Wright Investors' Service Holdings, Inc.
- Formerly: National Patent Development Corporation
- Company type: Holding company
- Industry: Investments
- Founded: 1960; 65 years ago
- Founders: Martin Pollak and Jerome Feldman
- Headquarters: Shelton, Connecticut, United States
- Products: Investing in inventions and patents and developing them
- Website: www.wrightinvestorsservice.com

= Wright Investors' Service Holdings, Inc. =

Wright Investors' Service Holdings, formerly National Patent Development Corporation, is a United States private company (a Delaware corporation headquartered in Mount Kisco, New York) which is primarily a shell company. The initial aim was to invest in inventions and patents made in the USSR and other Eastern Bloc countries and commercialise them in the United States.

== History ==
National Patent Development Corporation (NPD) was based in New York City founded in 1959 by lawyers Martin Pollak and Jerome Feldman. It was incorporated in Delaware.

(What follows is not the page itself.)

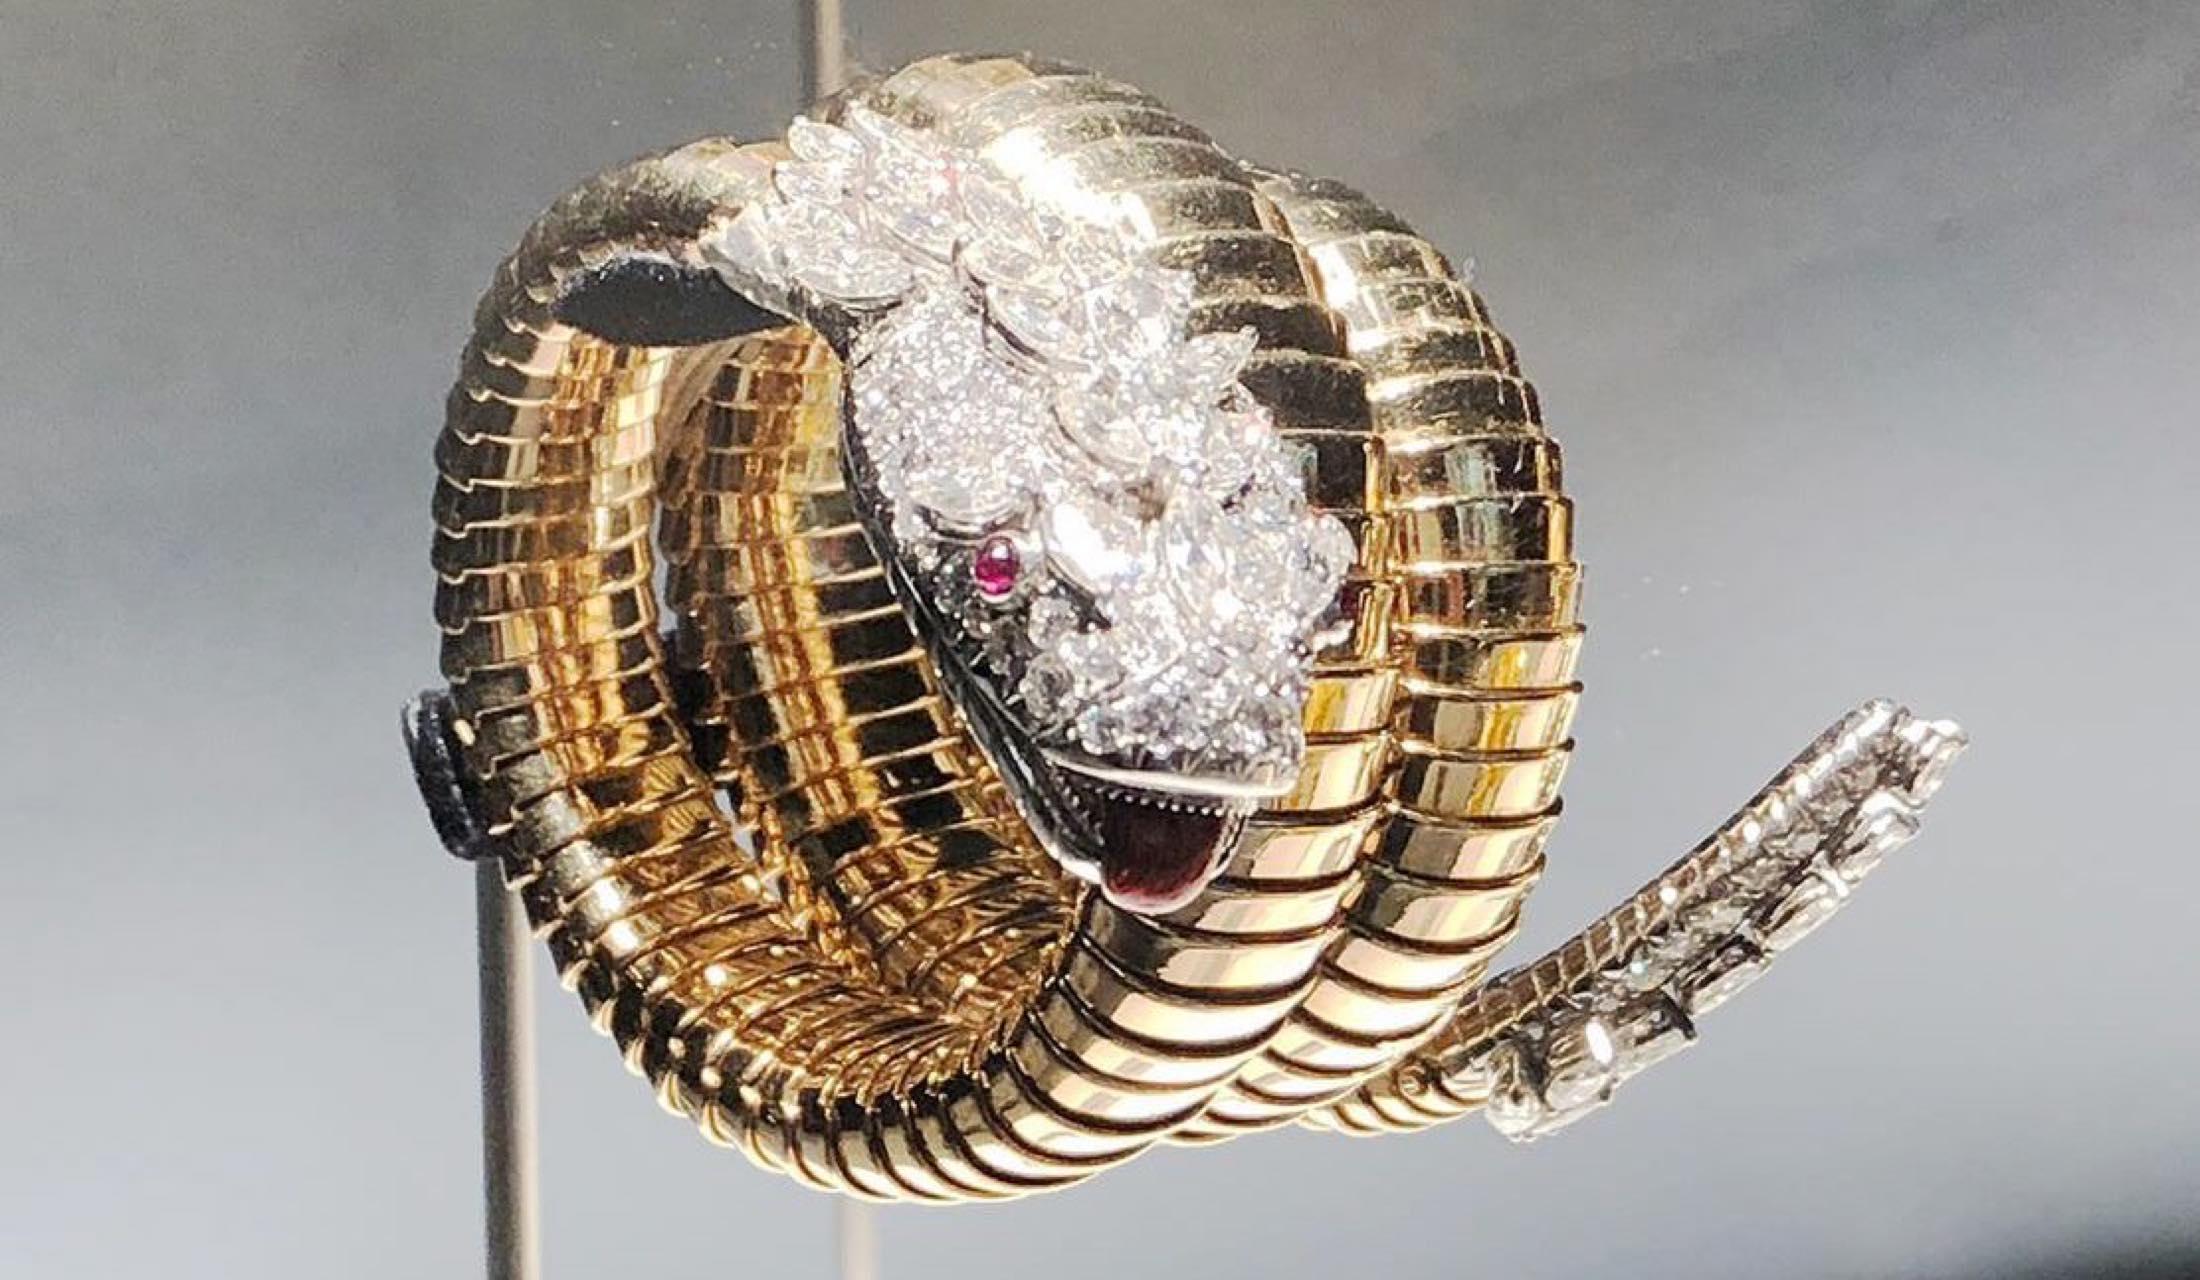 「ブルガリ セルペンティフォーム アート ジュエリー デザイン」の初期の時計たち

In 1961 Feldman and Pollak wrote a letter to Nikita Khrushchev proposing to buy US rights to inventions made in the USSR. The Soviet leadership agreed to cooperate and after three weeks in the USSR, NPD experts conferred with around 250 Soviet specialists and ultimately won patent rights to 14 inventions to be marketed in the United States by signing an agreement with Amtorg.

Using their Soviet connections, NPD then made inquiries in other Eastern bloc countries. In Czechoslovakia they met Otto Wichterle, the inventor of modern soft contact lenses. Then NPD bought the American rights to produce the lenses and sublicensed them to Bausch & Lomb which started to manufacture them in the USA.

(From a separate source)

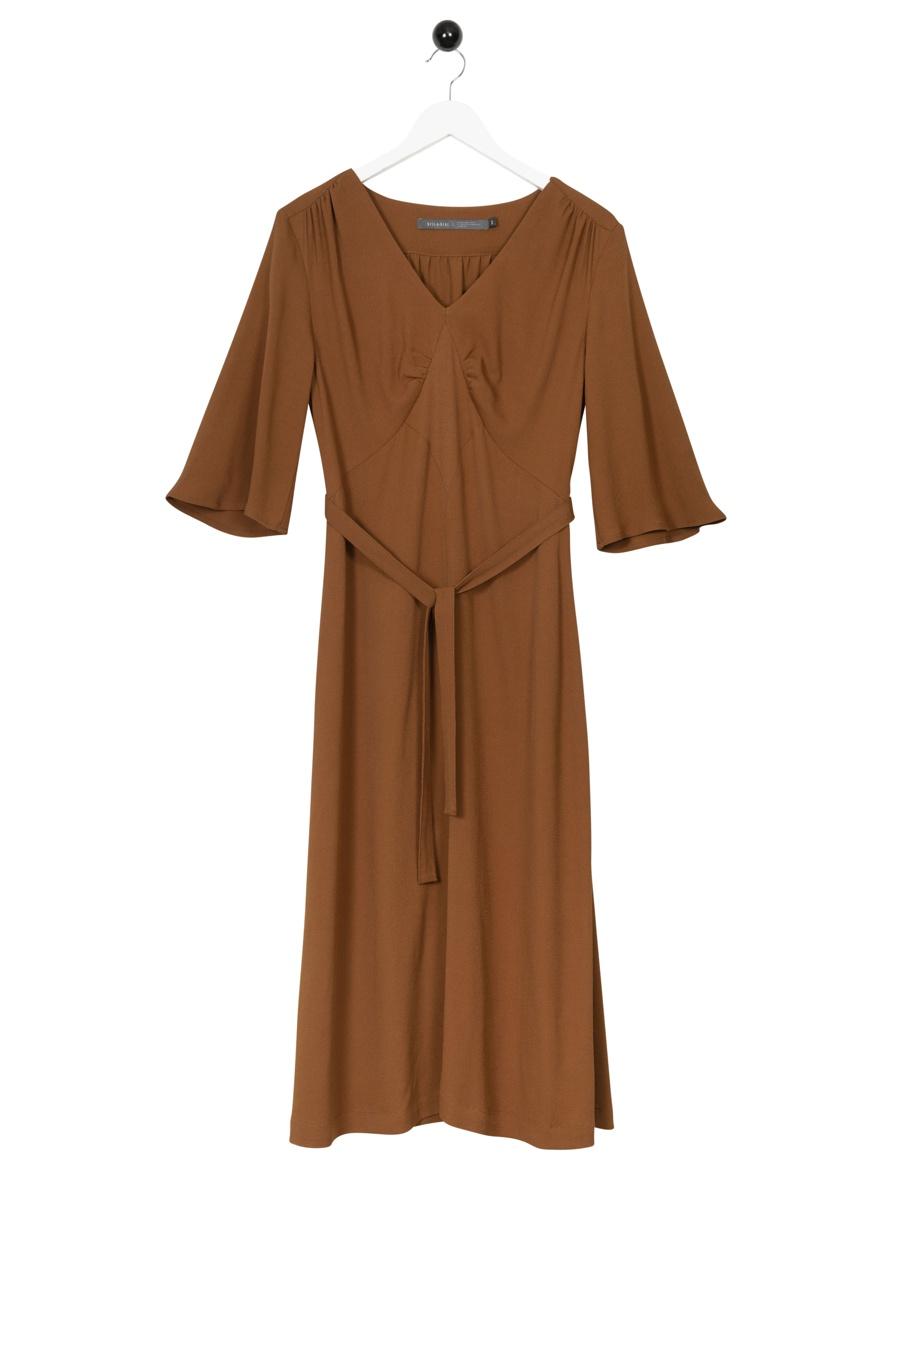 Lyon Dress

In 1983, shares in National Patent Development reached $120, but sank to $48 in 1996. During the 1980s, the company had borrowed heavily to invest in products that were unsuccessful.

On December 19, 2012, NPD completed the merger of a wholly owned subsidiary of the company with and into The Winthrop Corporation.

In 2013, NPD renamed itself to Wright Investors' Service Holdings, Inc.

On July 17, 2018, Wright Investors' Service Holdings, Inc. (WISH) sold 100% of the issued and outstanding common stock of The Winthrop Corporation (Winthrop), a wholly owned subsidiary of WISH, to Khandwala Capital Management, Inc. Winthrop, through its wholly owned subsidiary Wright Investors' Service, Inc., is an investment management and financial advisory firm.

Wright Investors' Service Holdings has repeatedly offered to cede ownership of five dams in Connecticut, most recently to the town of Killingly, Connecticut in 2020. Some of the dams are over 200 years old. The state of Connecticut had refused to take over the dams six years prior, due to the projected repair and maintenance costs.